- Born: Belmont Cragin, Chicago
- Education: Columbia University (BA)
- Occupation: Writer
- Writing career
- Notable awards: Heartland Prize (2013) Casey Award (1997)

= Thomas Dyja =

American writer

Thomas Dyja is an American writer, living in New York City. He has written three novels, a biography of civil rights activist Walter Francis White, and historical books on Chicago and New York City. Play For A Kingdom received the Casey Award, and The Third Coast won the Chicago Tribune Heartland Prize for Nonfiction.

==Early life and education==
Dyja grew up in Belmont Cragin, Chicago and attended Gordon Technical High School. He moved to New York City to attend Columbia University, graduating in 1984.

==Writing==

Dyja's novel The Moon In Our Hands is based on the life of Walter Francis White. His history of New York City, New York, New York, New York: Four Decades of Success, Excess, and Transformation, covers the terms of five New York City mayors, including Ed Koch (1978–1989), David Dinkins (1990–1993), Rudy Giuliani (1994–2001), Michael Bloomberg (2002–2013), and Bill de Blasio (2014–2021).

==Publications==
===Novels by Dyja===
- Play For A Kingdom: a Novel. Mariner, 1998. ISBN 978-0156006293.
- Meet John Trow. Viking, 2002. ISBN 978-0670030996.
- The Moon In Our Hands: a Novel. Da Capo, 2005. ISBN 978-0786715053.

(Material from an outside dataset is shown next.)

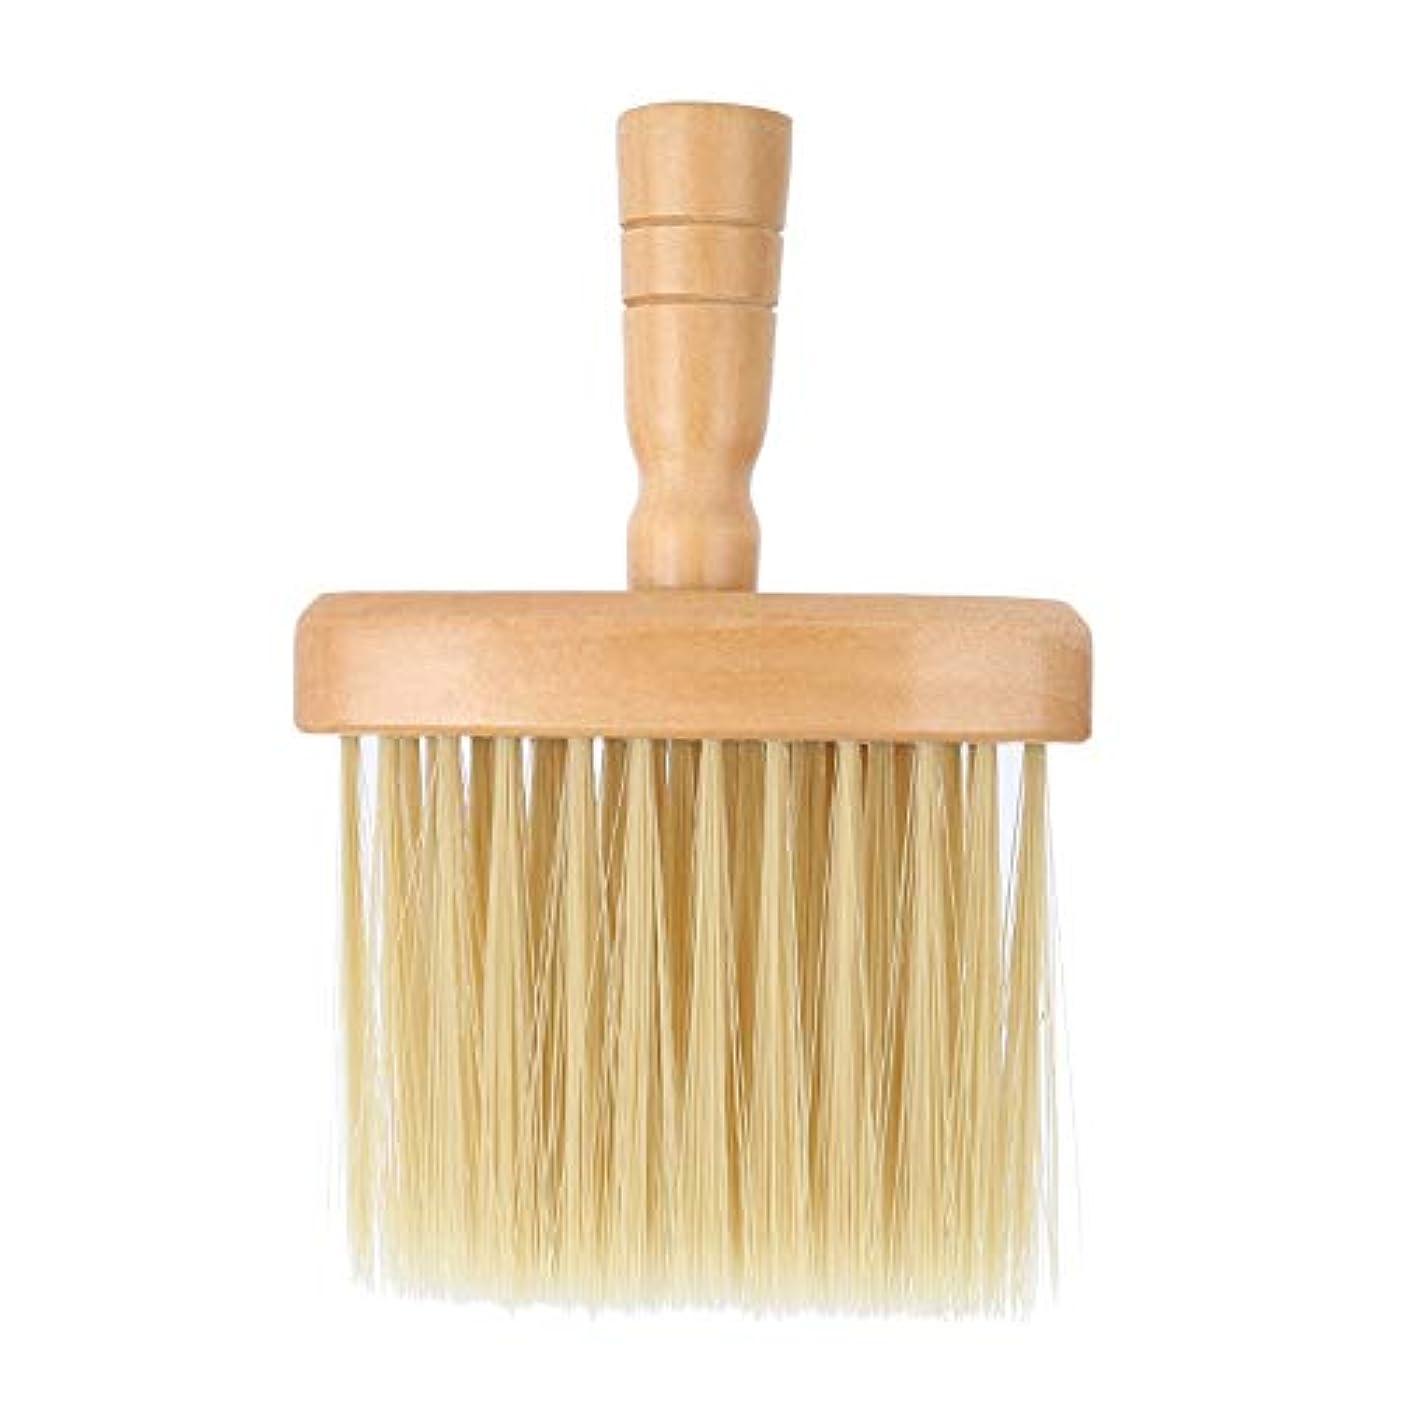 抽選欠点歌手ヘアカットブラシネックフェイスダスターブラシサロンヘアクリーニング木製掃除ブラシヘアカット理髪ツール

===Non-fiction books by Dyja===
- Walter White: The Dilemma Of Black Identity In America. Ivan R. Dee, 2008. ISBN 978-1566637664.
- The Third Coast: When Chicago Built The American Dream. Penguin, 2013. ISBN 978-1594204326.
- New York, New York, New York: Four Decades of Success, Excess, and Transformation. Simon & Schuster, 2021. ISBN 978-1982149789.

===Books with contributions by Dyja===
- Only Connect: the Way to Save Our Schools. by Rudy Crew. Sarah Crichton, 2007. ISBN 978-0374294014.
- Up Is Down: Mid-Century Experiments in Advertising and Film at the Goldsholl Studio. Mary and Leigh Block Museum of Art, 2018. ISBN 978-1732568402.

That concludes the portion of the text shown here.